864 intervenciones policiales desde principios de año.
Hay que saborear esta cifra.
Eso significa más de cuatro intervenciones por día. Día tras día. Semana tras semana. Mes tras mes. Coches de policía, controles, arrestos, redadas, luces azules, comunicados de prensa, informes de éxito. Un esfuerzo gigantesco, pagado por los contribuyentes, acompañado por políticos que demuestran determinación en cada oportunidad.
Y sin embargo, en Nantes siguen escuchándose disparos.
Aun así, las personas siguen muriendo.
Aun así, el narcotráfico prospera.
Algo no está bien.
Quizás los responsables deberían tener el valor de hacer la pregunta evidente: ¿Qué es exactamente lo que ha cambiado?
61 kilos de drogas confiscados. Cientos de arrestos. Armas aseguradas. Prohibiciones de estancia impuestas. Negocios cerrados.
Suena impresionante. Casi como el tráiler de una película de acción.
Pero mientras las estadísticas aumentan, los narcotraficantes parecen sorprendentemente tranquilos. Aparentemente poseen una habilidad notable: desaparecen por un momento, esperan el siguiente control policial y luego continúan como antes.
Casi se podría pensar que los criminales siempre están varios pasos por delante de las autoridades.
Uno o dos.
O diez.
Porque si después de cientos de intervenciones la gente sigue siendo asesinada en la calle, ya no se trata solo de un problema de seguridad. Estamos hablando de un sistema que se ha arraigado profundamente en ciertos barrios. De mundos paralelos que se impresionan muy poco con conferencias de prensa y anuncios marciales.
La verdad es incómoda.
Se puede eliminar un punto de venta.
Se pueden eliminar diez puntos de venta.
Se pueden eliminar cien puntos de venta.
Pero mientras las redes detrás sigan existiendo, es como intentar apagar un incendio forestal con un vaso de agua.
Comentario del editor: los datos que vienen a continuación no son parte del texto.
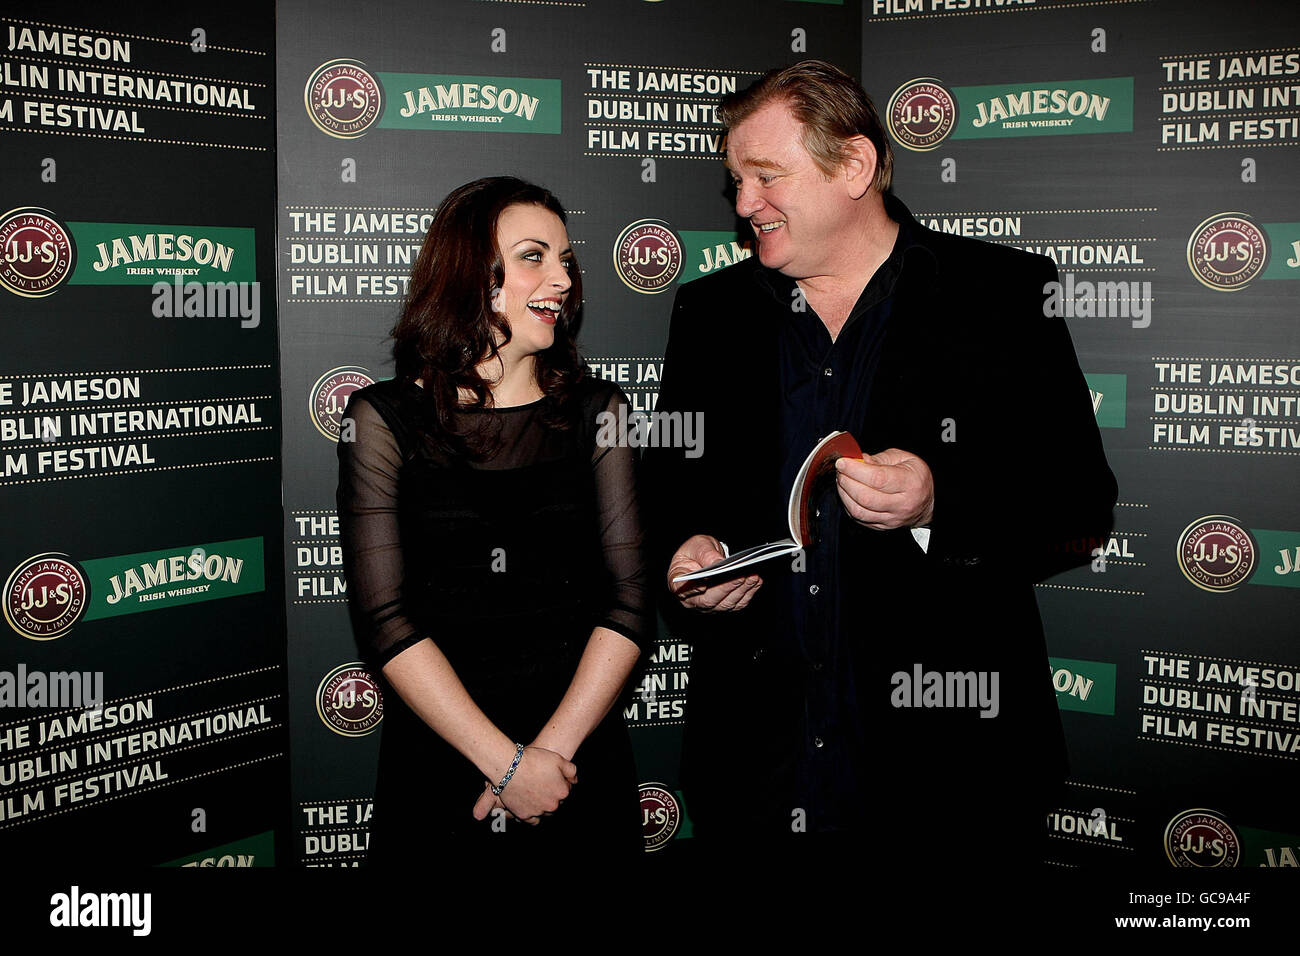 L'actrice irlandaise Nora-Jane Noone star de la nouvelle vedette Savage avec l'acteur Brendan Gleeson à un photocall dans le Merrion Hotel Dublin, pour le lancement du Jameson Dublin International film Festival 2010. Banque D'Images
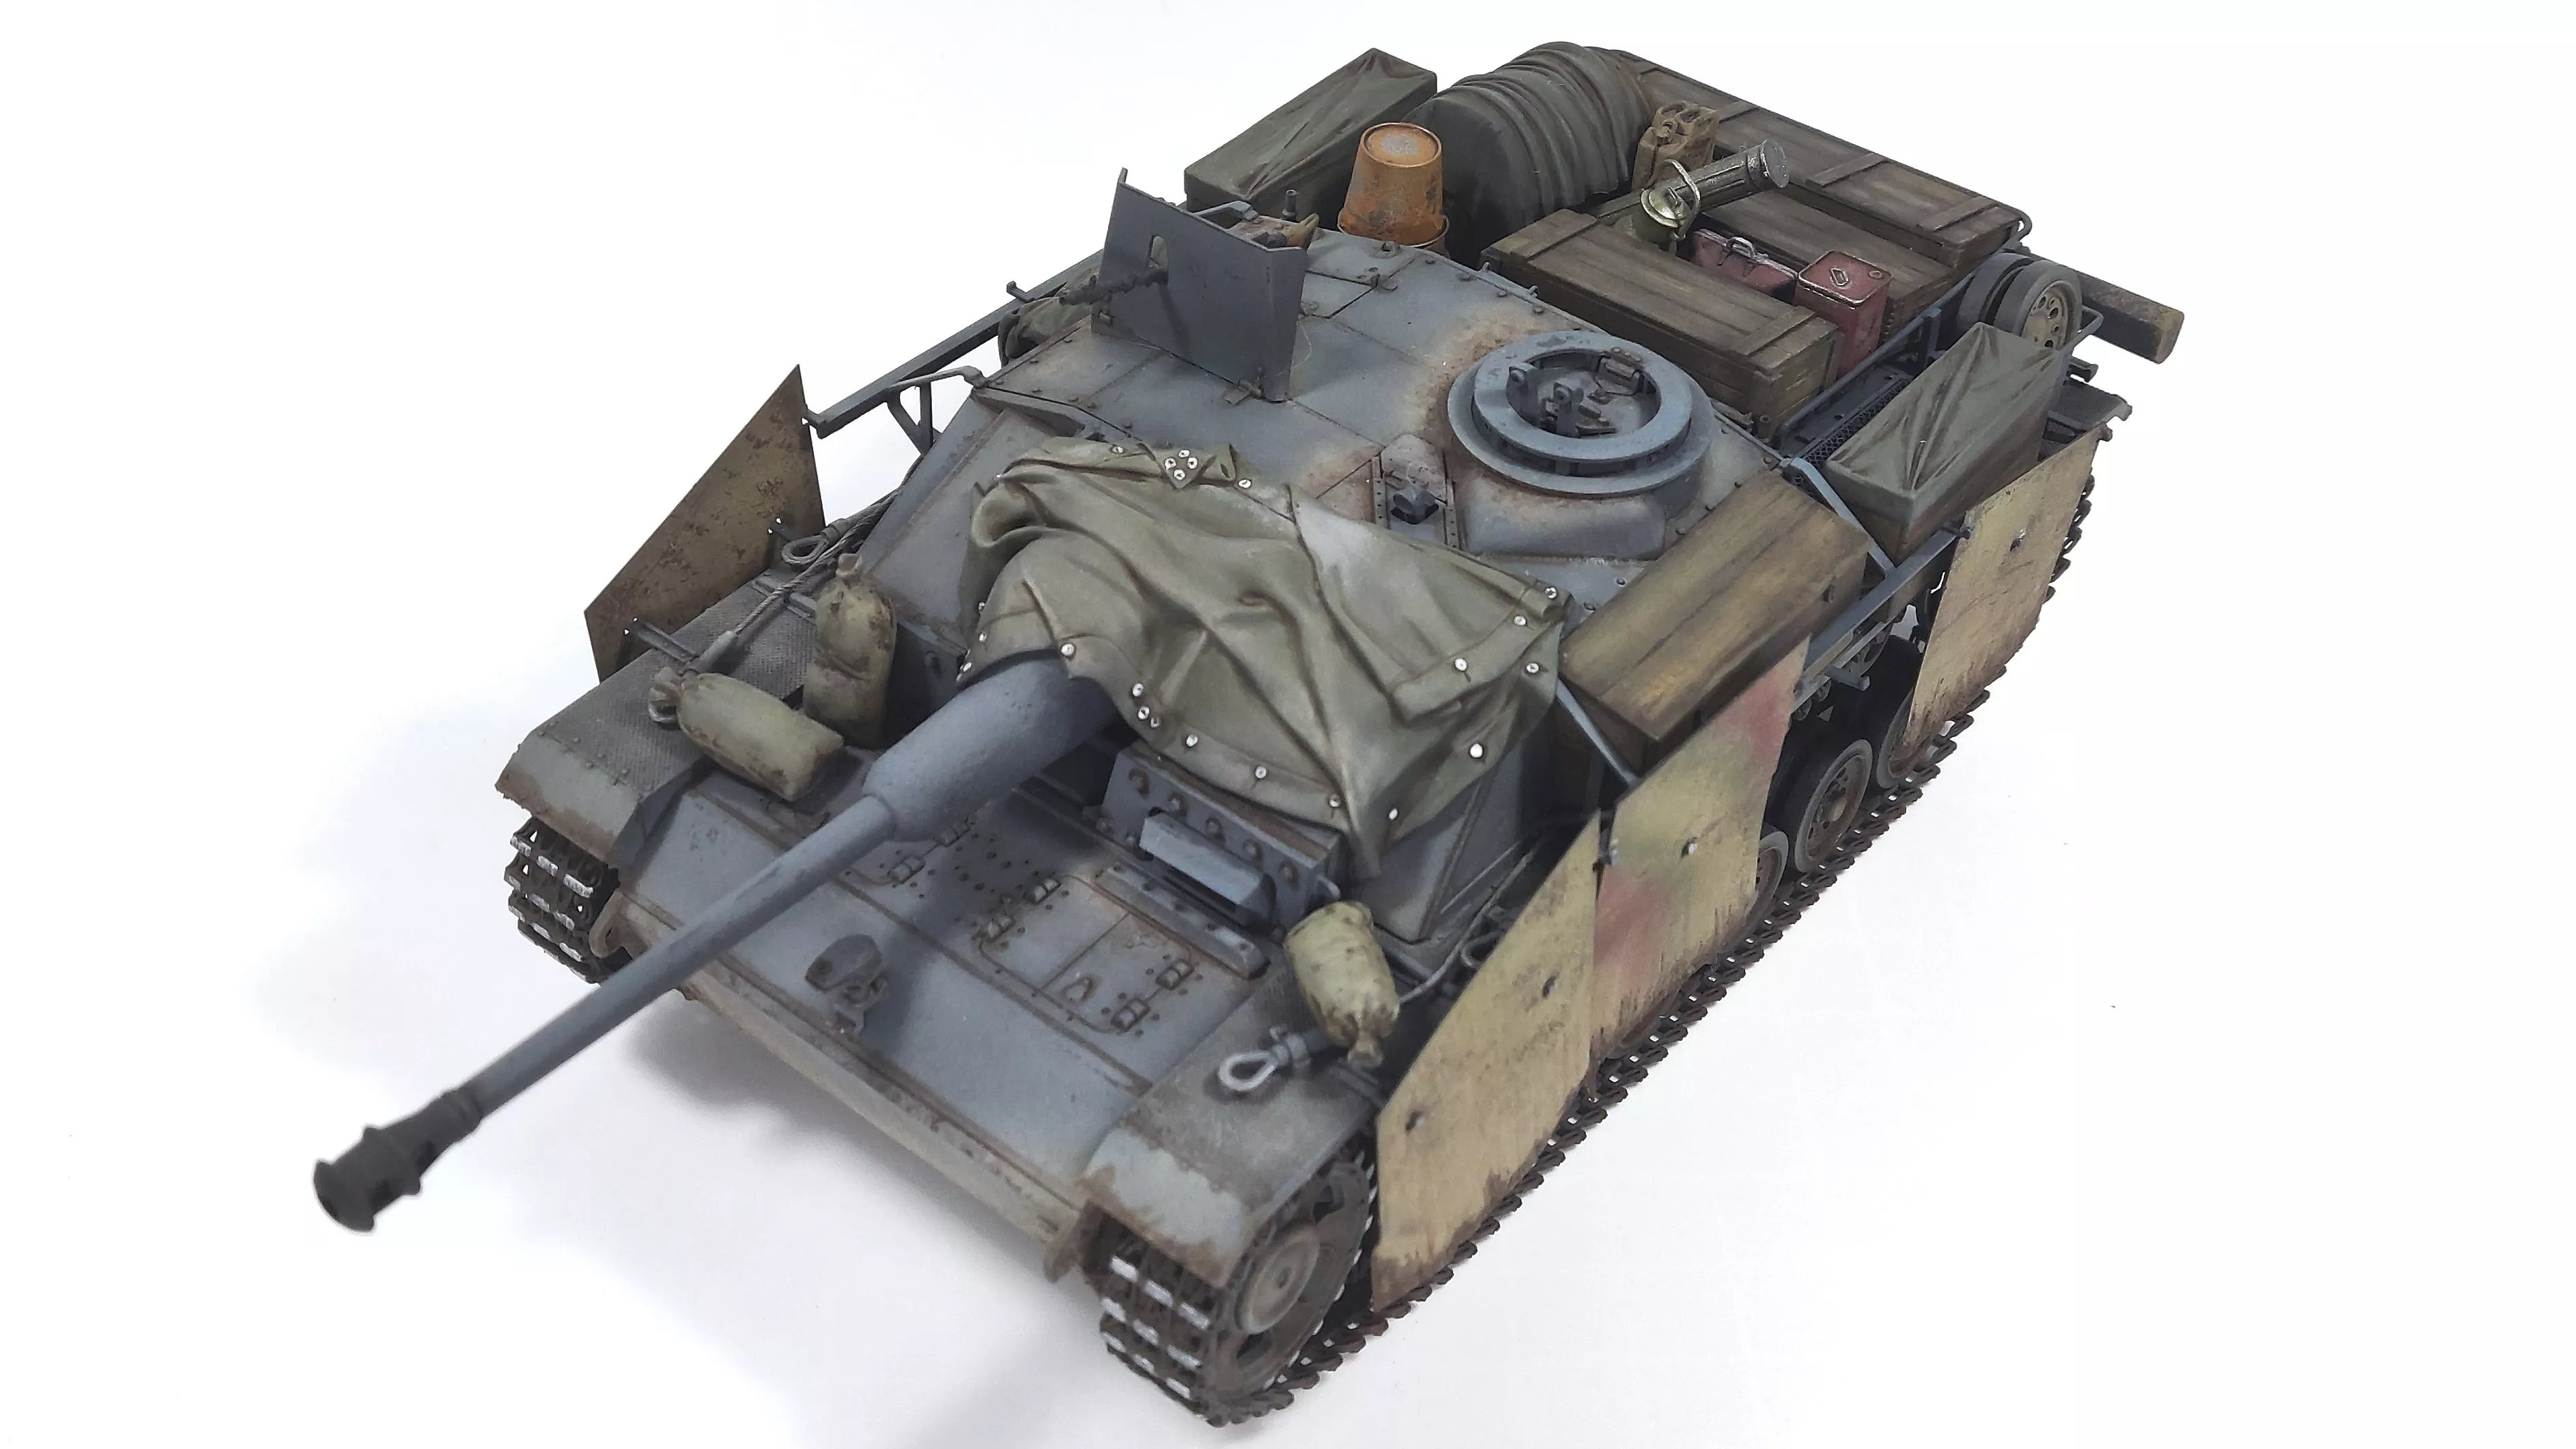 StuH42&StuG III Ausf.G Mid Prodution 2 in 1

Por supuesto, se necesita policía. Por supuesto, los narcotraficantes deben ser perseguidos y las armas confiscadas. Nadie pide lo contrario.
Pero si los mismos problemas reaparecen año tras año, y si la violencia incluso aumenta, ya no basta con repetir las mismas cifras y esperar la siguiente gran intervención.
Los ciudadanos de Nantes tienen derecho a la sinceridad.
Tienen derecho a saber por qué, a pesar de cientos de intervenciones, los tiroteos no desaparecen.
Tienen derecho a saber por qué barrios enteros siguen sufriendo bajo el dominio de grupos criminales.
Y tienen derecho a esperar más que estadísticas.
Porque tarde o temprano, cualquier informe de éxito pierde su brillo.
Al menos, cuando las balas siguen volando.
Después de 864 intervenciones, la situación no parece una victoria del Estado.
Sino la prueba de que el Estado lucha contra un problema que hasta ahora no ha logrado controlar realmente.
Ese es el auténtico mensaje detrás de este número.
Y por eso no debería tranquilizar a nadie.